Reduction of sleep bruxism by 50% after just 3 weeks of use
Clinical studies published in international peer-reviewed journals have shown that GrindCare can reduce sleep bruxism by more than 50% within three weeks.
Researchers at the University of Aarhus in Denmark assessed the efficacy of GrindCare to reduce sleep bruxism in patients with reported grinding activity and secondary symptoms. The patients were randomly assigned to either test group (GrindCare in therapeutic mode) or control group (GrindCare only in recording mode). Both groups used the device in the respective mode for 2 x 3 weeks. The result was that GrindCare in therapeutic mode reduced the level of grinding significantly by 52 % over the two active periods compared to baseline, with a significant reduction already experienced in the first 3 weeks, whereas no significant reduction was observed in the control group. There were no complaints on sleep or sleep quality in either group.
Researchers from the University of Greifswald in Germany investigated the effect of GrindCare in patients with facial pain related to bruxism. Patients were randomly divided into 2 groups: a test group using GrindCare in therapeutic mode and a control group using it in recording mode only. The study duration was 4 weeks. The result was that bruxism activity was significantly reduced by more than 50% in this test group already after the first week of treatment.

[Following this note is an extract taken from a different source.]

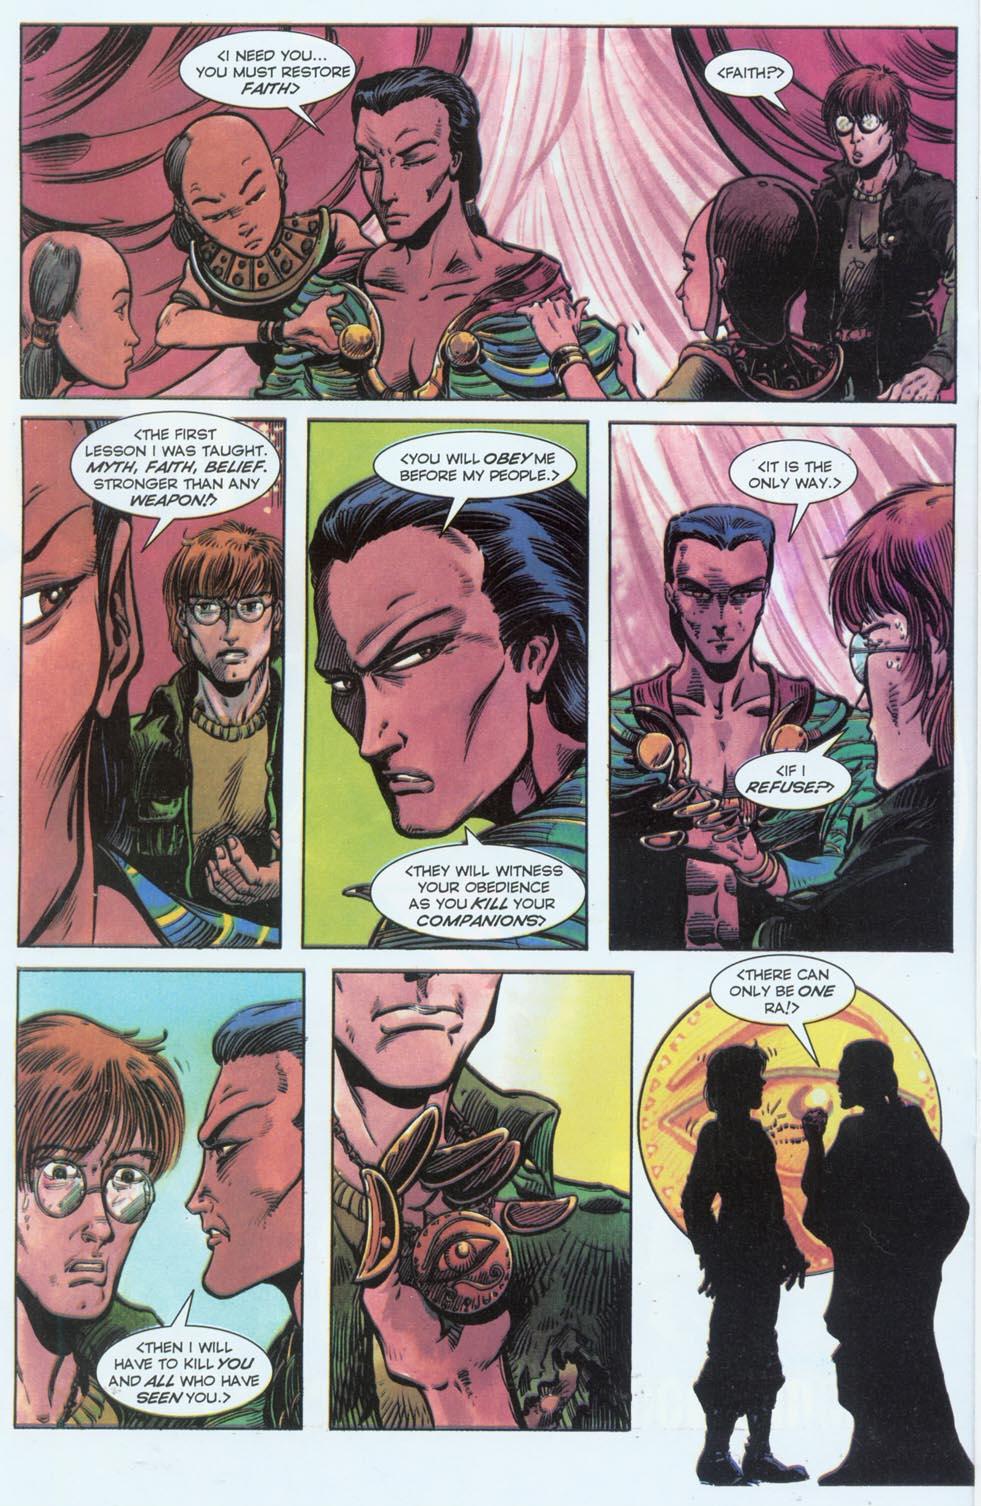 Read online Stargate comic -  Issue #3 - 14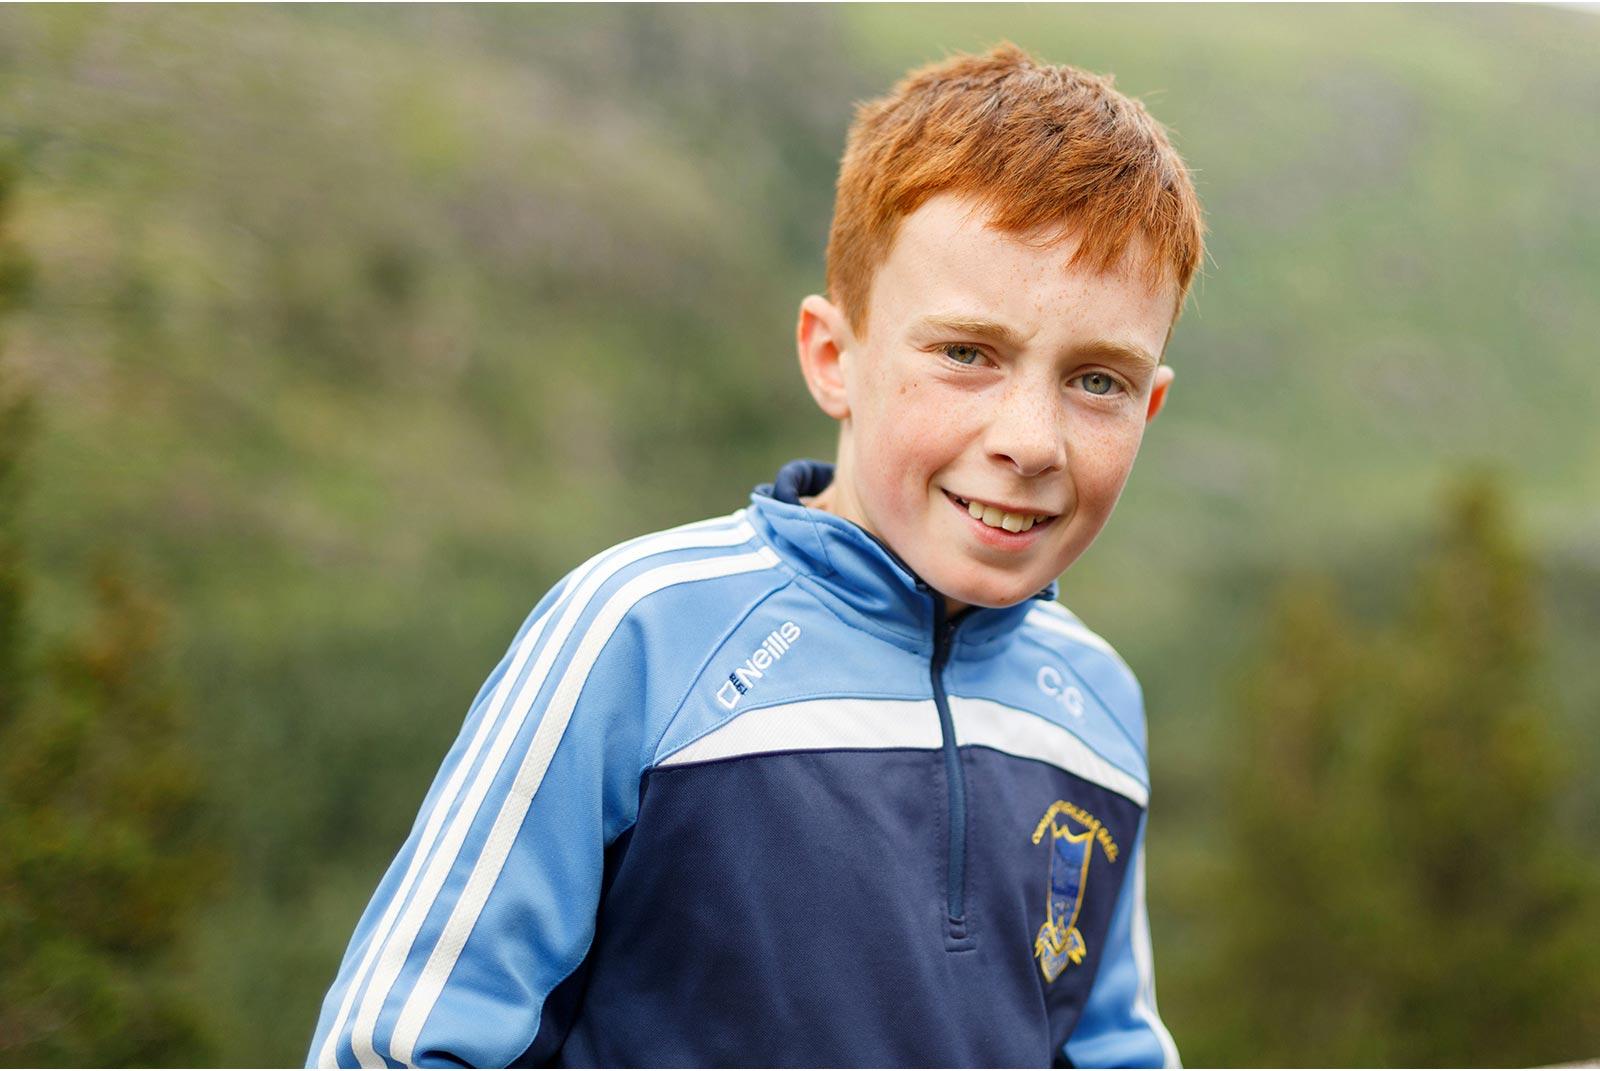 Smiling Irish boy looks beautiful set agains the green hills

Researchers from the University of Aarhus in Denmark investigated the clinical efficacy of GrindCare. Volunteers with known night-time grinding were asked to use GrindCare in therapeutic mode for 2 x 3 weeks, interrupted by a 2 week period with GrindCare in recording mode only. The grinding activity was recorded at the start of the study (baseline) as well as during the respective study periods. The result was that in each GrindCare treatment period, the grinding activity was significantly reduced by 54% and 55 % respectively.
Alleviation of painful secondary symptoms
By directly addressing the problem of bruxism and reducing actual grinding, GrindCare has been shown to result in a significant improvement in painful secondary symptoms such as tension headaches and orofacial pain.
Researchers from the University of Manchester in the UK examined whether GrindCare reduces the level of bruxism-related painful secondary symptoms. A group of bruxism patients used GrindCare for a treatment period of 4 weeks. They had to indicate their level of pain on a visual scale at the start and at the end of the treatment. The result showed that the use of GrindCare successfully reduced the level of bruxism and brought about a clinically relevant improvement of painful symptoms by more than 50 %.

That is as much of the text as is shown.